I often solve math questions to improve my math. Today I came across an interesting permutation & combination question.
The question is as follows:
The previous question was like: “In how many possible arrangements C is in front of A”. My answer was: 6!/2 which is 360. Because in one half, C is in front of A, and in the other half A is in front of C. (No calculation required, common sense & interpretation & mathematical intuition is sufficient to find the correct answer I believe.)
But this one really puzzled me. I will be grateful if you provide a clear explanation.
Is there any way to solve this question without writing down all combinations?

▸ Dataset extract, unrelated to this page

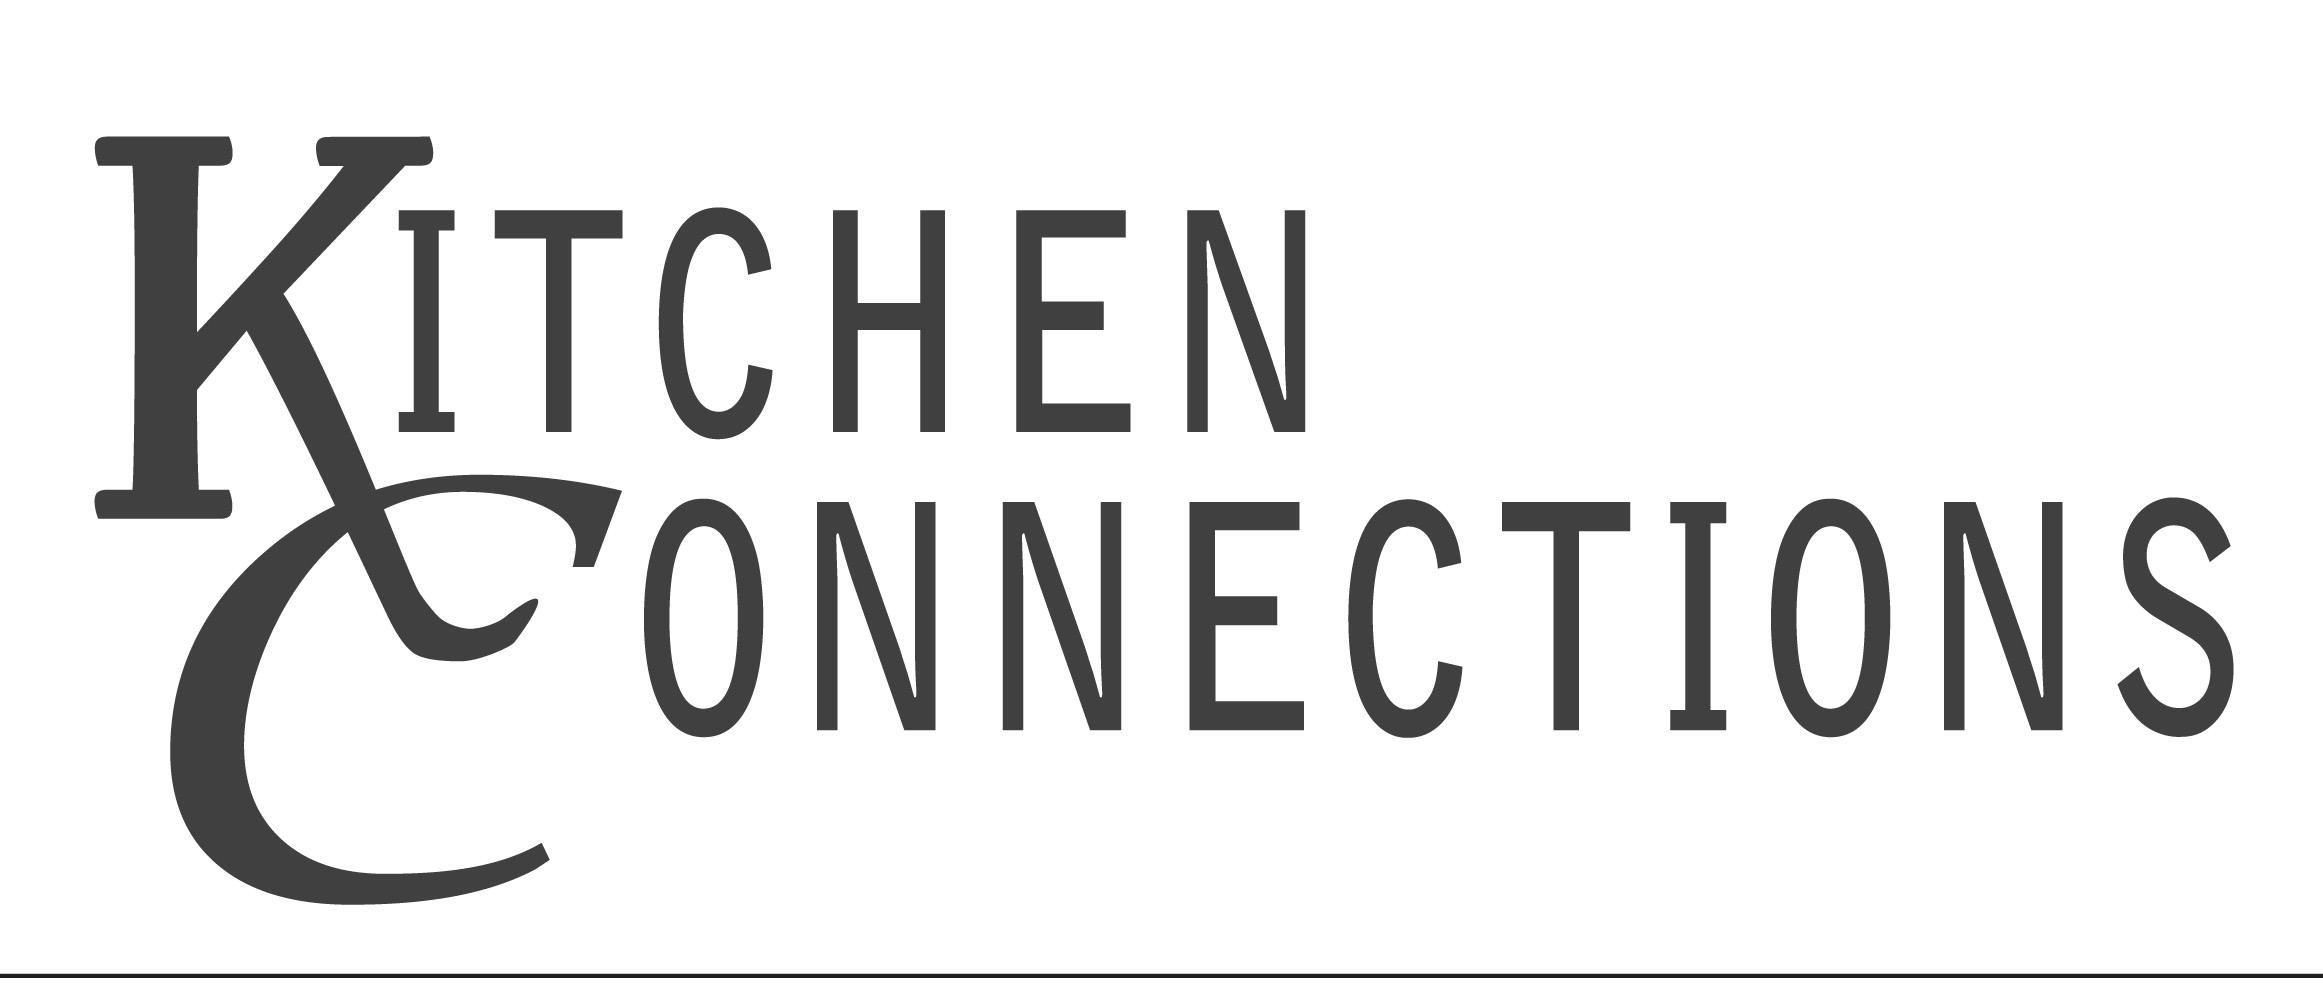 Kicthen Connections Logo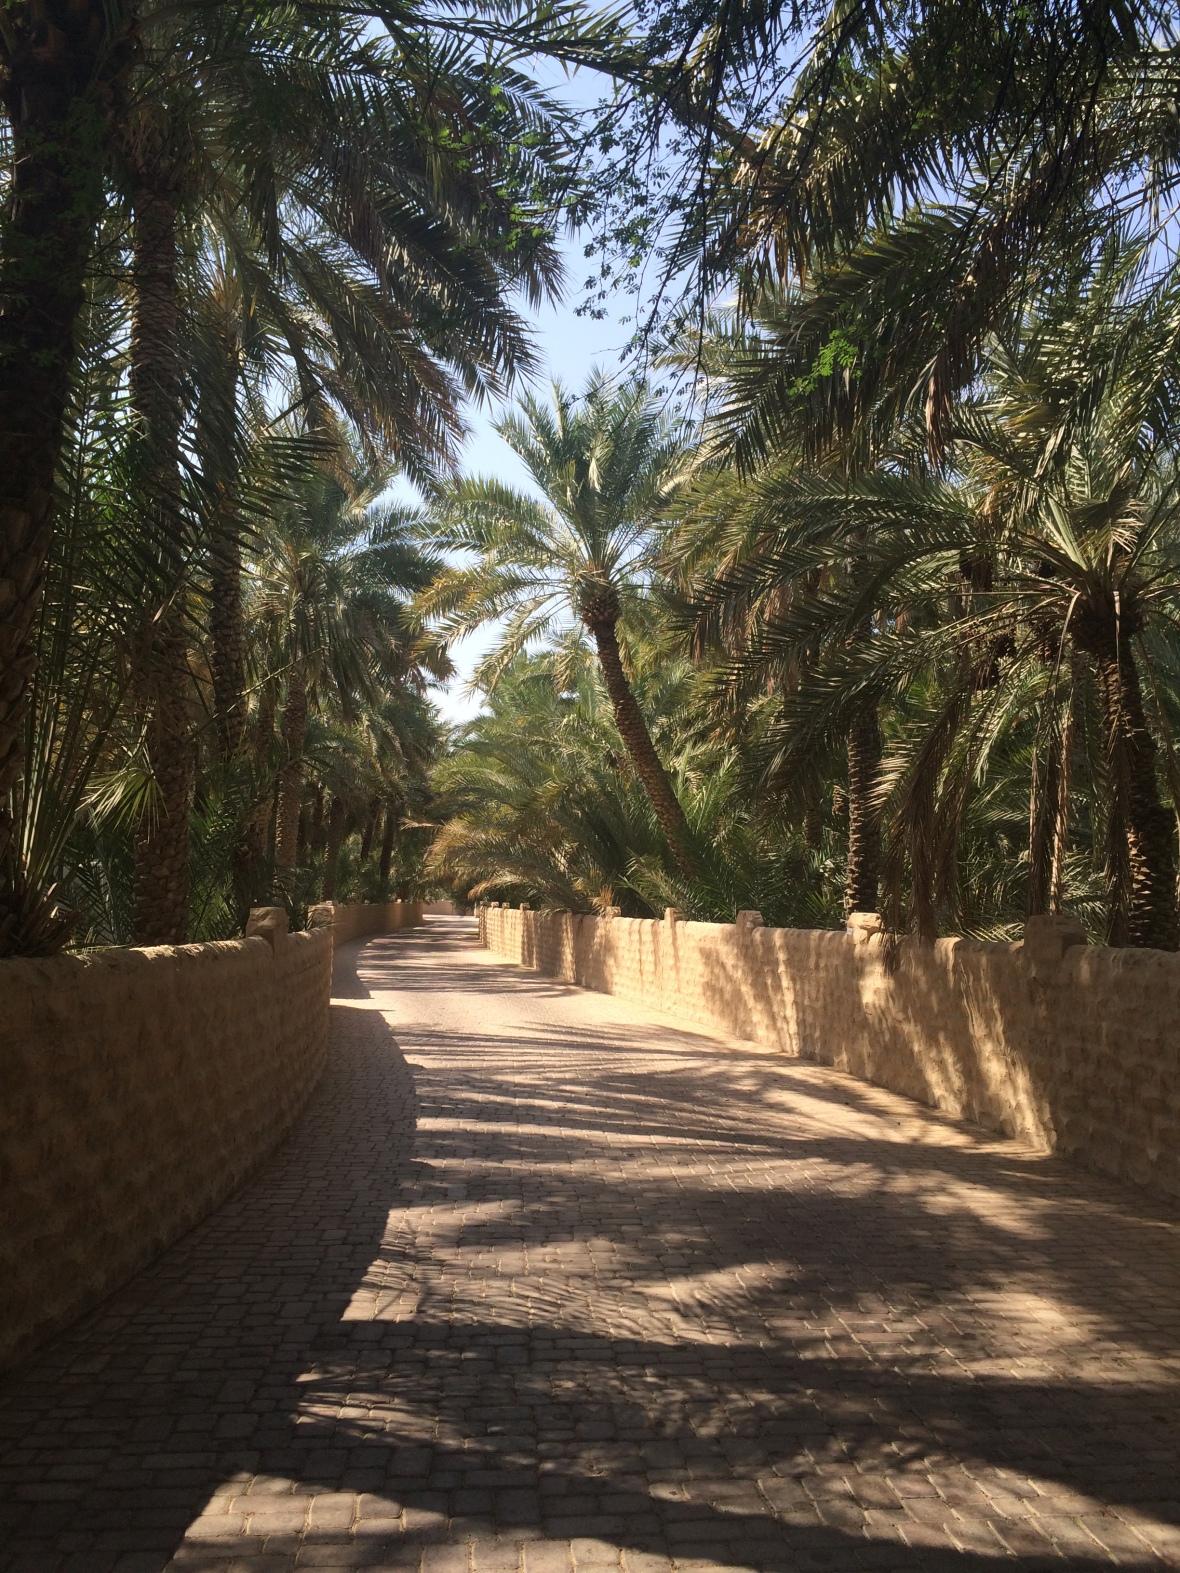 Pathway, Al Ain Oasis, Al Ain, UAE

You can solve it very similarly to how you solved the other problem. In any of the 6! particular orderings, the letters A, B, and C appear in 3 of the positions in some particular order. There are 3! different possible orders for A, B, and C, in 2 of which C appears between A and B. So, in 2/3! = 1/3 of the orderings, the letters are in the correct order. Therefore, there are 6!/3 orderings that satisfy the condition.
Yeah, I had to think about it for a minute, and then I was struck by this insight after noticing that the correct answer was 6!/3 and thinking about the OP’s solution to the first problem.
Indeed, even without having to count that there are 2 allowed out of 3! potential orderings of {A, B, C}, one could slightly more elegantly simply note that there is 1 valid out of 3 potential choices for which of {A, B, C} goes in the middle.
By symmetry the number of case that C is between A and B is the same as the number in which A is between B and C and the same as the number in which B is between A and C. These three possibilities are mutually exclusive and exhaust the 6! = 720 cases, so each must happen 240 times.